2. Violação ao Princípio da Motivação
Nos termos do artigo 50 da Lei nº 9.784/1999:
"Os atos administrativos deverão ser motivados, com indicação dos fatos e dos fundamentos jurídicos, quando importem em imposição de sanção."
Sem a clara exposição dos fatos que comprovem a intenção de ameaça, o auto de infração torna-se viciado por falta de motivação.
3. Violação ao Contraditório e Ampla Defesa
De acordo com o art. 5º, inciso LV, da Constituição Federal:
"Aos litigantes, em processo judicial ou administrativo, e aos acusados em geral são assegurados o contraditório e ampla defesa, com os meios e recursos a ela inerentes."
A ausência de descrição da intenção impossibilita ao autuado exercer sua defesa de maneira plena e eficaz.

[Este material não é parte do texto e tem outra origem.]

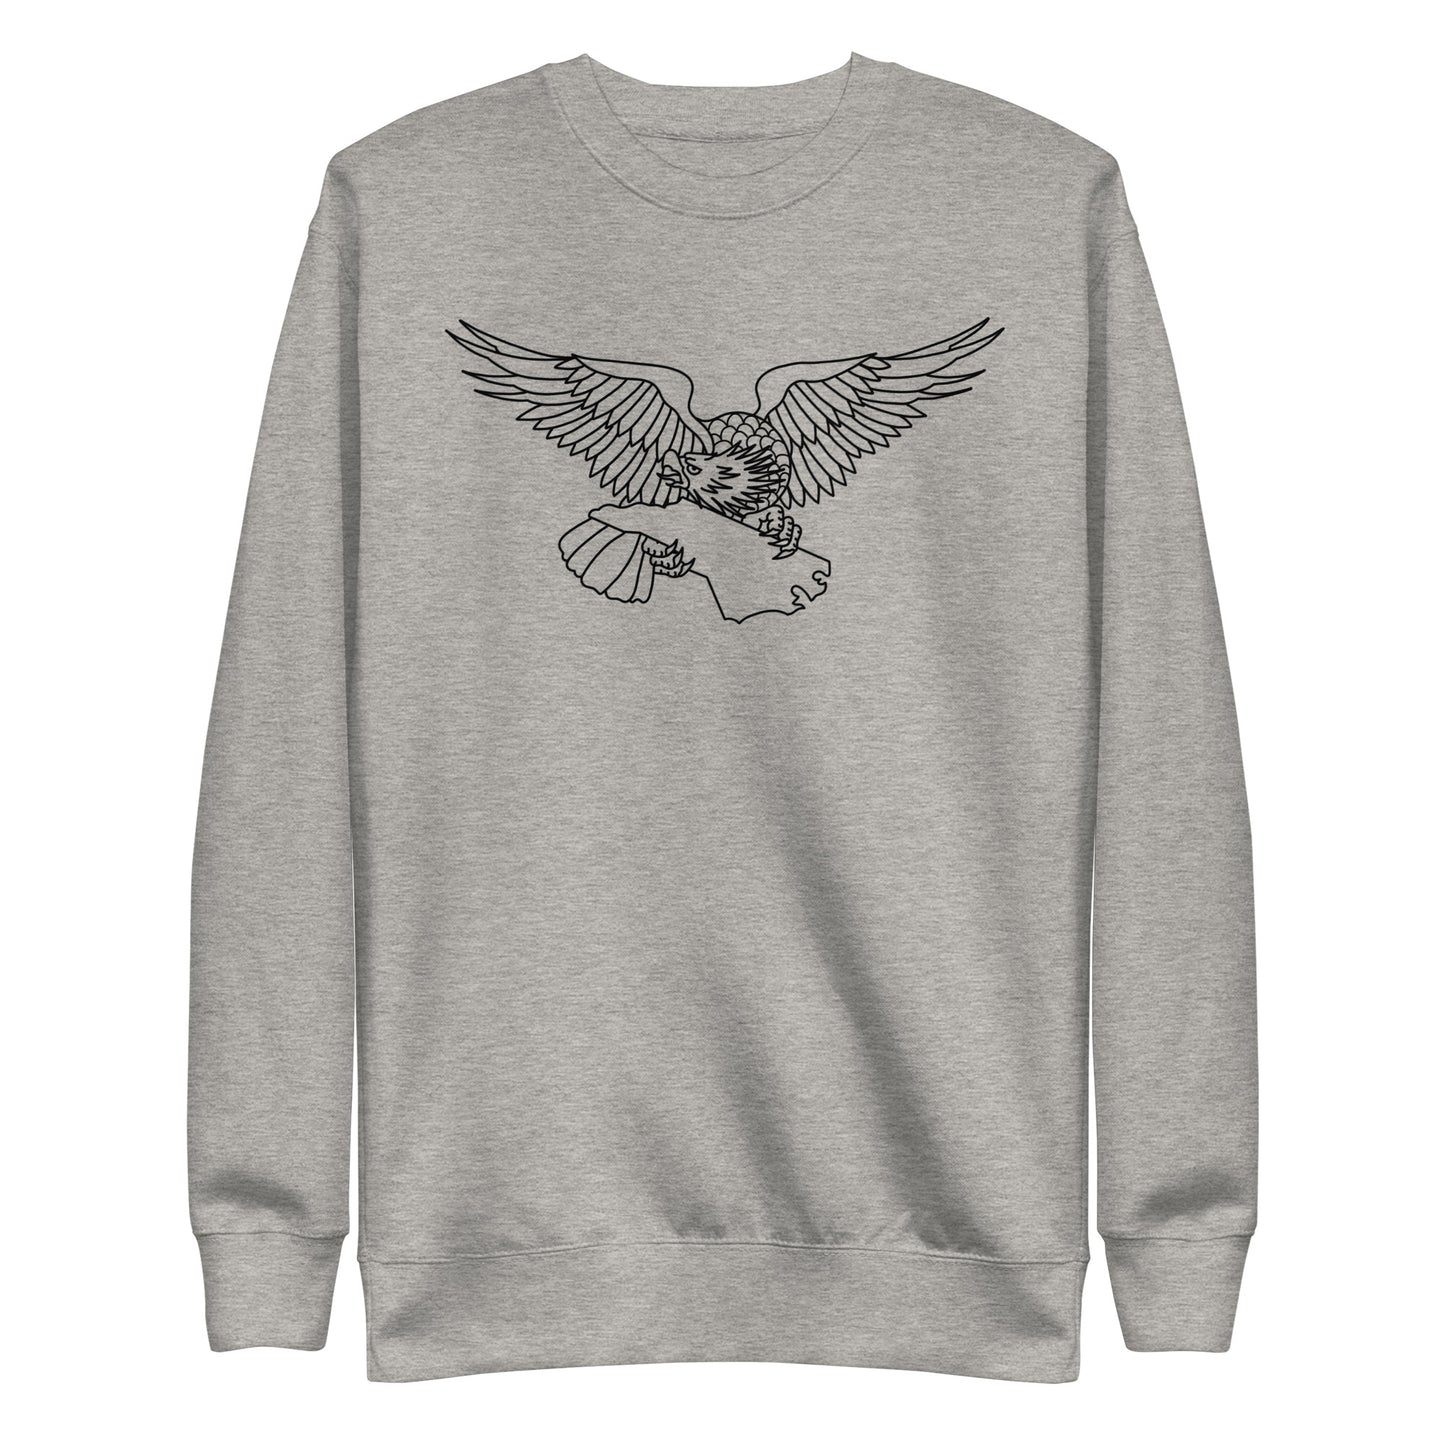 Unisex Sweatshirt - Eagle NC - Dark on Light

4. Presunção Relativa de Legitimidade dos Atos Administrativos
Embora o auto de infração possua presunção de legitimidade, ela é relativa e pode ser invalidada quando não há comprovação dos elementos factuais que justificariam a sanção.
Estratégias Avançadas para Defesa Administrativa e Judicial
Argumentos Principais:
- Definição: Esclarecer que o conceito de "ameaçar" exige dolo, e não mera imprudência;
- Propriedade: Apontar falhas formais no auto de infração (falta de descrição de dolo específico);
- Precedente: Citar jurisprudência que reconheça a nulidade por ausência de dolo no art. 170;
- Necessidade: Argumentar que a motivação específica é obrigatória para validar a autuação;
- Incongruência: Evidenciar incoerência entre os fatos narrados e a subsunção ao tipo infracional.

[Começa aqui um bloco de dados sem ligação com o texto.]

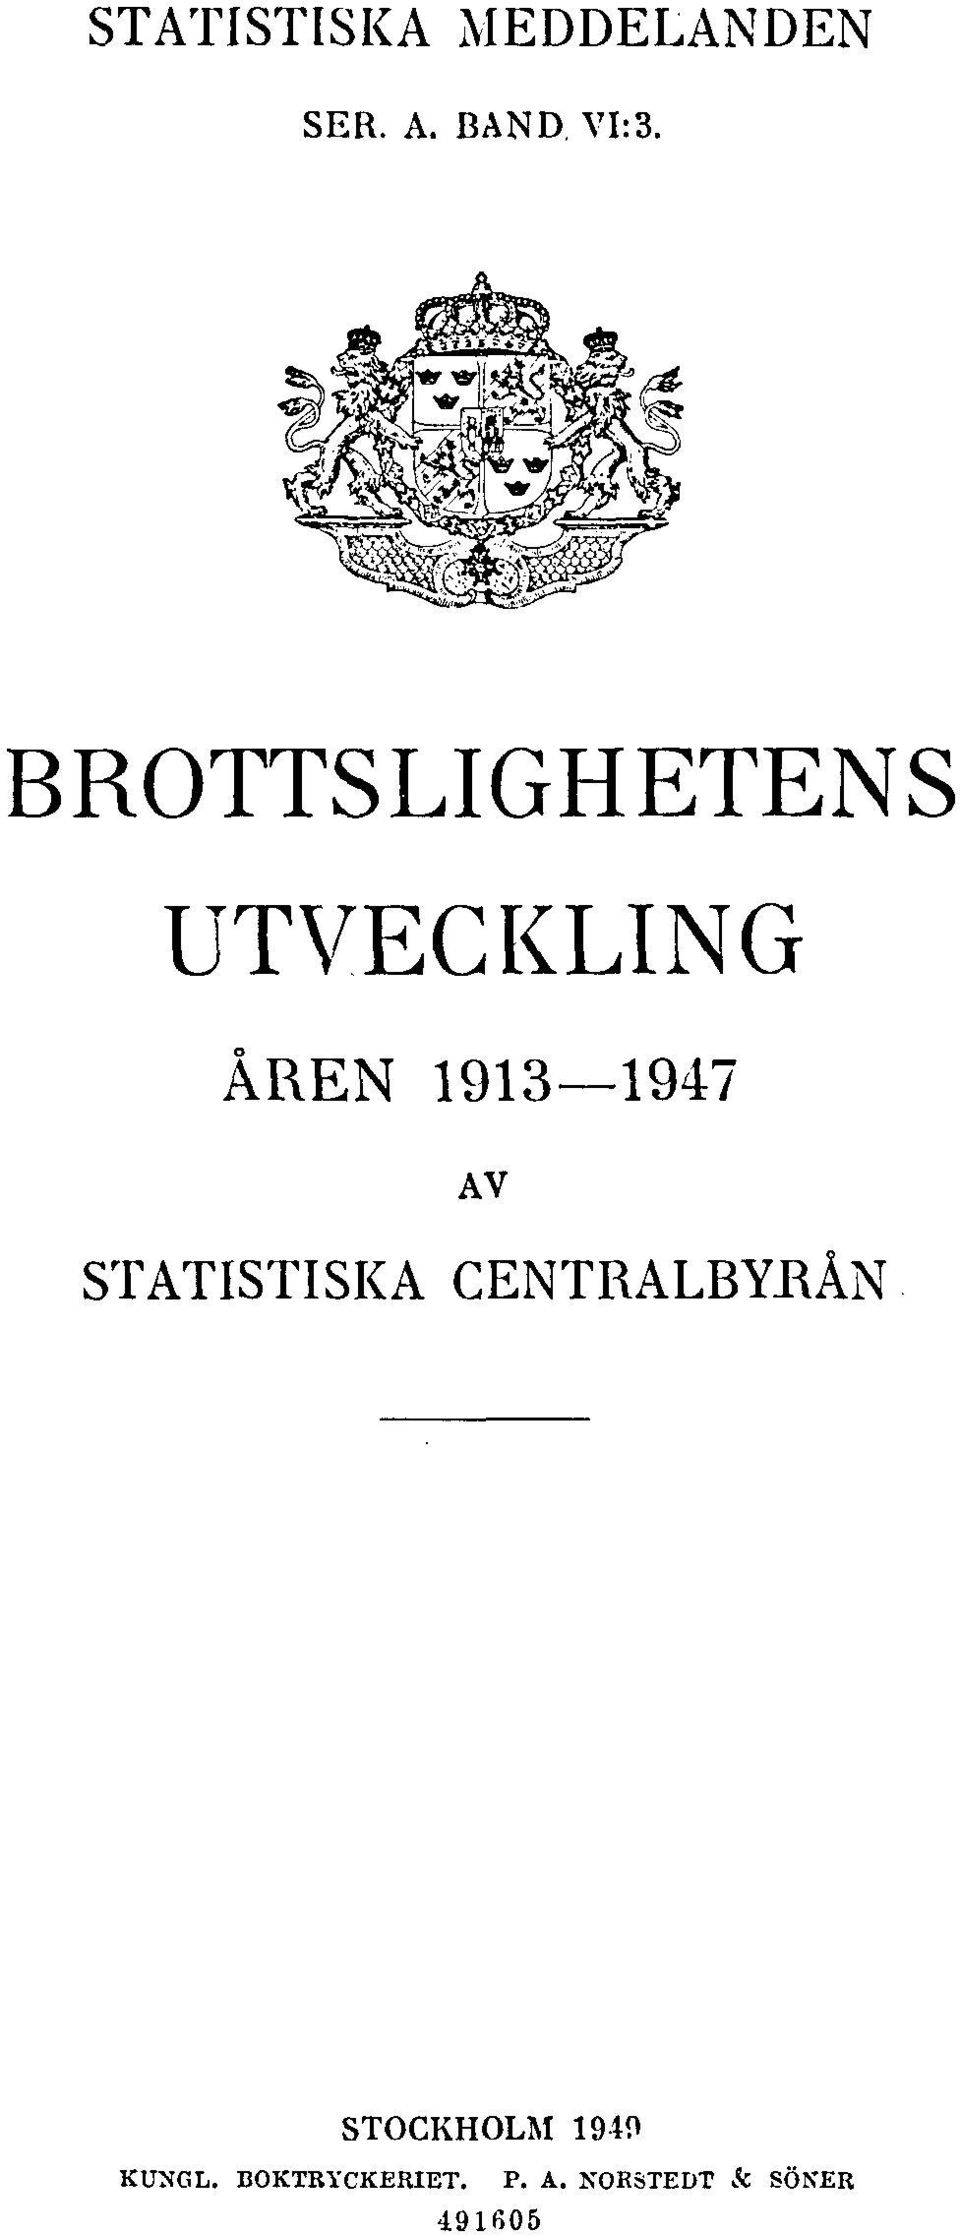 STATISTISKA CENTRALBYRÅN STOCKHOLM 1949

Estrutura Recomendada de Defesa:
- Preliminar de nulidade por falta de motivação do ato administrativo;
- Impugnação da tipificação jurídica por ausência de comprovação do dolo;
- Alegação de violação ao contraditório e ampla defesa;
- Pedido final de anulação da infração e encerramento do processo administrativo.
Conclusão
A infração de dirigir ameaçando pedestres ou veículos, prevista no art. 170 do CTB, requer a comprovação inequívoca de dolo específico.

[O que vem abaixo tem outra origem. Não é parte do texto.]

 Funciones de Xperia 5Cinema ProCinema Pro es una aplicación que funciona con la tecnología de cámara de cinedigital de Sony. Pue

Se não houver descrição clara dos elementos objetivos e subjetivos, o auto de infração torna-se nulo de pleno direito.
Por isso, o advogado atuante em defesas administrativas ou judiciais deve conhecer profundamente os requisitos técnicos e jurídicos necessários para a validade dessa autuação.
Uma defesa bem estruturada, baseada na ausência de dolo, violação ao princípio da motivação e quebra do contraditório, apresenta elevada probabilidade de êxito tanto na esfera administrativa quanto judicial.